The 360-member House of Representatives is made up of 163 opposition members; the PDP accounts for the rest. They are: Accord Party (5), Action Congress of Nigeria, ACN (71), All Nigeria Peoples Party, ANPP (27), All Progressives Grand Alliance, APGA (7), Congress for Progressive Change, CPC (40), Democratic Peoples Party, DPP (2) and Labour Party (11).

LEADERSHIP can also report that the lawmakers were being lobbied by fellow representatives of northern extraction for support for the creation of the National New Frontier Exploration Agency touted as a largely north-driven bargain as part of ongoing ethnic/political positioning on the PIB.

The new bill, which federal lawmakers have agreed to merge with the PIB in part, will pursue exploration and production of oil and gas in the frontiers of Chad Basin, Dahomey Basin, Imo Basin, Benue Trough and Sokoto Basin.

The lawmakers are also making moves to whittle down the perceived unlimited powers conferred on the minister of petroleum resources, Mrs. Diezani Alison-Madueke, by the PIB, in view of her oversight of the proposed unbundling and deregulation of the oil sector.
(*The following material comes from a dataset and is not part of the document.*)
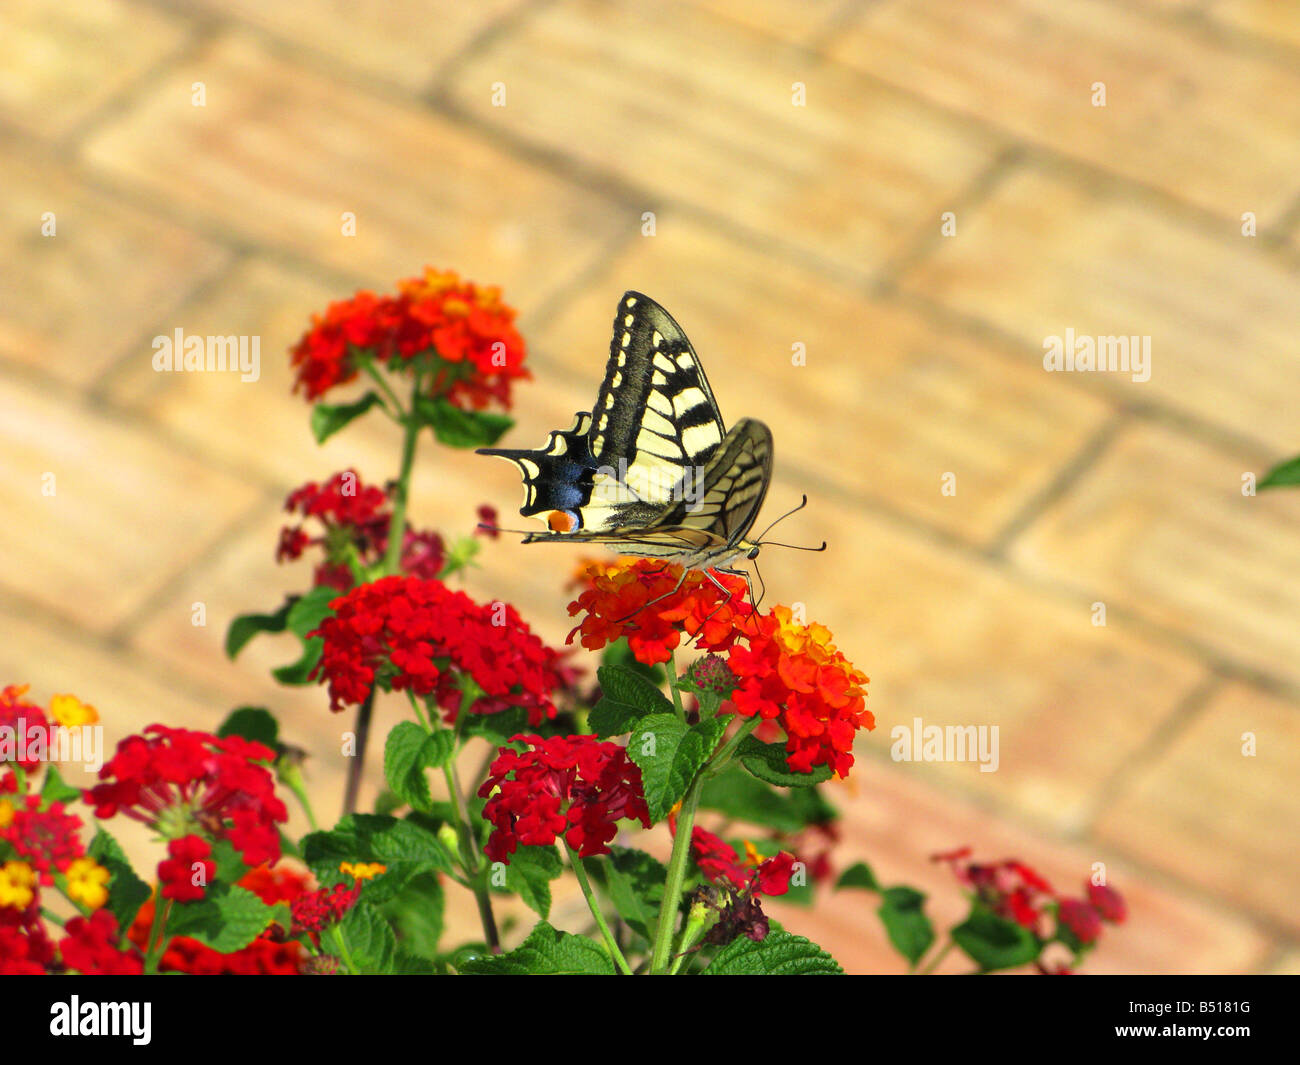 Especie de mariposas son grandes y coloridas mariposas que forman la familia Papilionidae. Foto de stock

Going by provisions of the ambitious 223-page PIB, the oil minister will supervise all the oil institutions, including the regulator that used to be independent. Also, any person or company who fails to comply with an order made by or on behalf of the minister is liable to a fine or jail sentence - provisions the lawmakers are uncomfortable with.

Another contentious area borders on taxes. The PIB provides that oil companies will contribute 10 per cent of net profits from their Nigerian operations to the proposed Petroleum Host Communities Fund for Niger Delta communities, less royalties, deductions and allowances, hydrocarbon tax and income tax - an arrangement that strikes at the heart of the touchy onshore-offshore oil dichotomy debate.

However, there is little clarity on how the money will be paid or whether the communities will receive it directly or via the government, which opens the possibility of political interference.

For the second time, the House last Tuesday resolved to stay debates on the general principle of the PIB till this week to enable its leadership receive briefing from Alison-Madueke on the contentious bill.

Last week, Alison-Madueke said interests angling for her sack were doing so because she had refused to continue the "business as usual" tradition driven by age-long cartels in the petroleum sector.

"Those fighting the government in the media are doing so because we have been able to frustrate their efforts in strangulating the economy through their devilish black market and questionable profiteering at the expense of the Nigerian people. What is hurting them is that we have put policies in place where they can no longer cheat the government and cause untold hardship for millions of Nigerians," the minister told State House correspondents at the presidential villa.